Spare the Rodtraces the history of discipline in schools and its
ever increasing integration with prison and policing, ultimately arguing
for an approach to discipline that aligns with the moral community that
schools could and should be.
In Spare the Rod, historian Campbell F. Scribner and philosopher Bryan
R. Warnick investigate the history and philosophy of America's
punishment and discipline practices in schools. To delve into this
controversial subject, they first ask questions of meaning. How have
concepts of discipline and punishment in schools changed over time? What
purposes are they supposed to serve? And what can they tell us about our
assumptions about education? They then explore the justifications. Are
public school educators ever justified in punishing or disciplining
students? Are discipline and punishment necessary for students' moral
education, or do they fundamentally have no place in education at all?
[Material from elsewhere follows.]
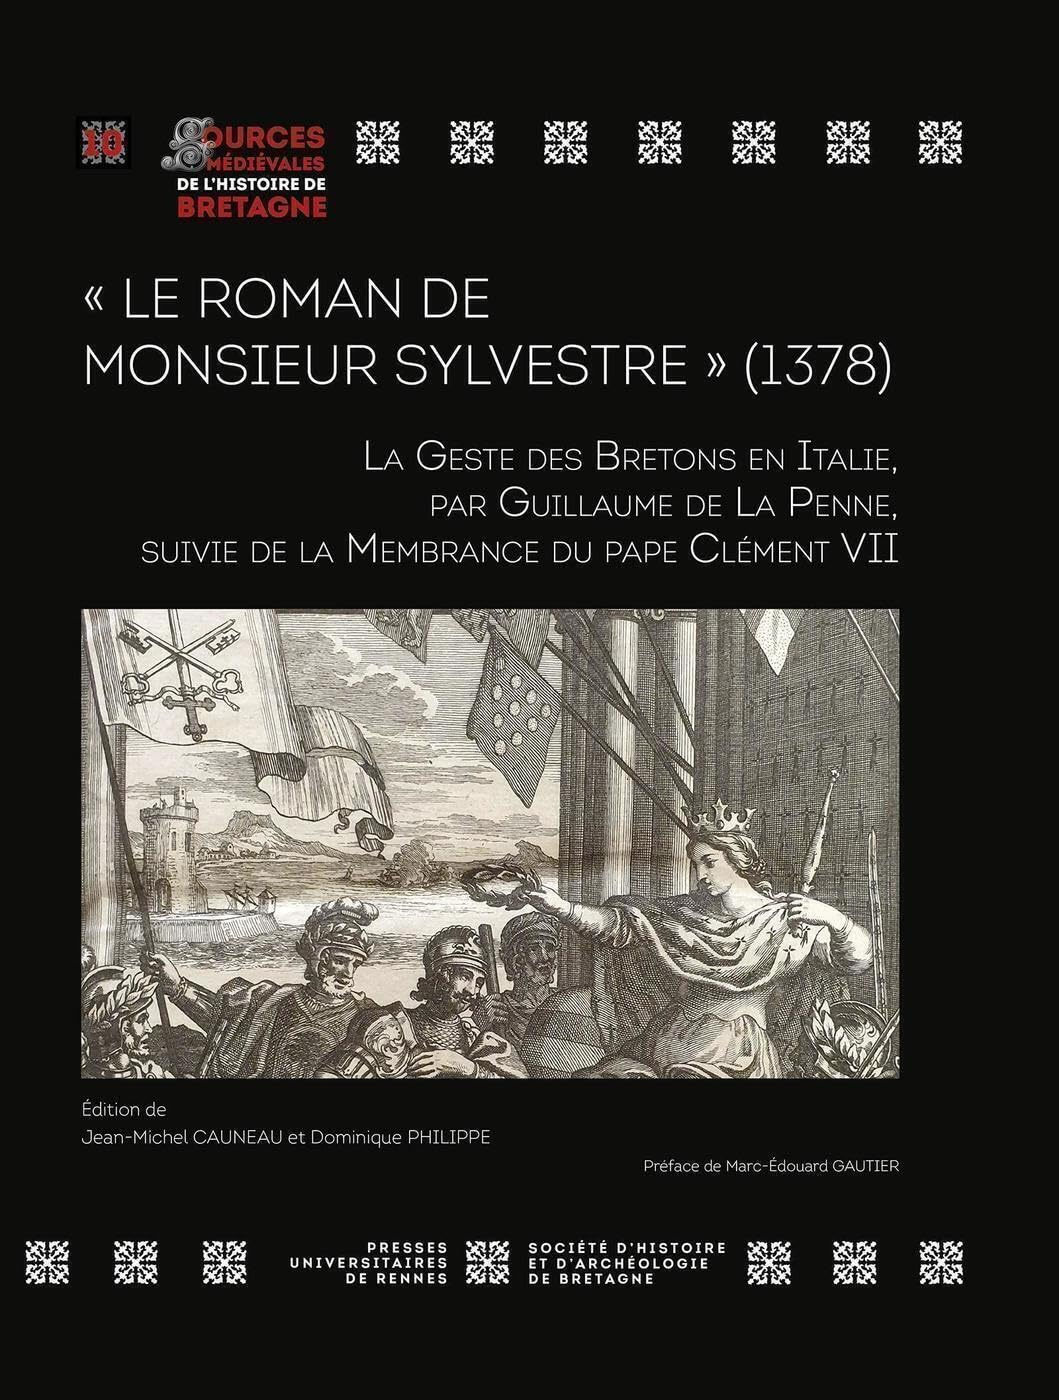 Le roman de monsieur Sylvestre (1378) : la geste des Bretons en Italie. La membrance du pape Clément

If some form of punishment is justified in schools, what ethical
guidelines should be followed?
The authors argue that as schools have grown increasingly bureaucratic
over the last century, formalizing disciplinary systems and shifting
from physical punishments to forms of spatial or structural punishment
such as in-school suspension, school discipline has not only come to
resemble the operation of prisons or policing, but has grown
increasingly integrated with those institutions. These changes and
structures are responsible for the school-to-prison pipeline. They show
that these shifts disregard the unique status of schools as spaces of
moral growth and community oversight, and are incompatible with the
developmental environment of education. What we need, they argue, is an
approach to discipline and punishment that fits with the sort of moral
community that schools could and should be.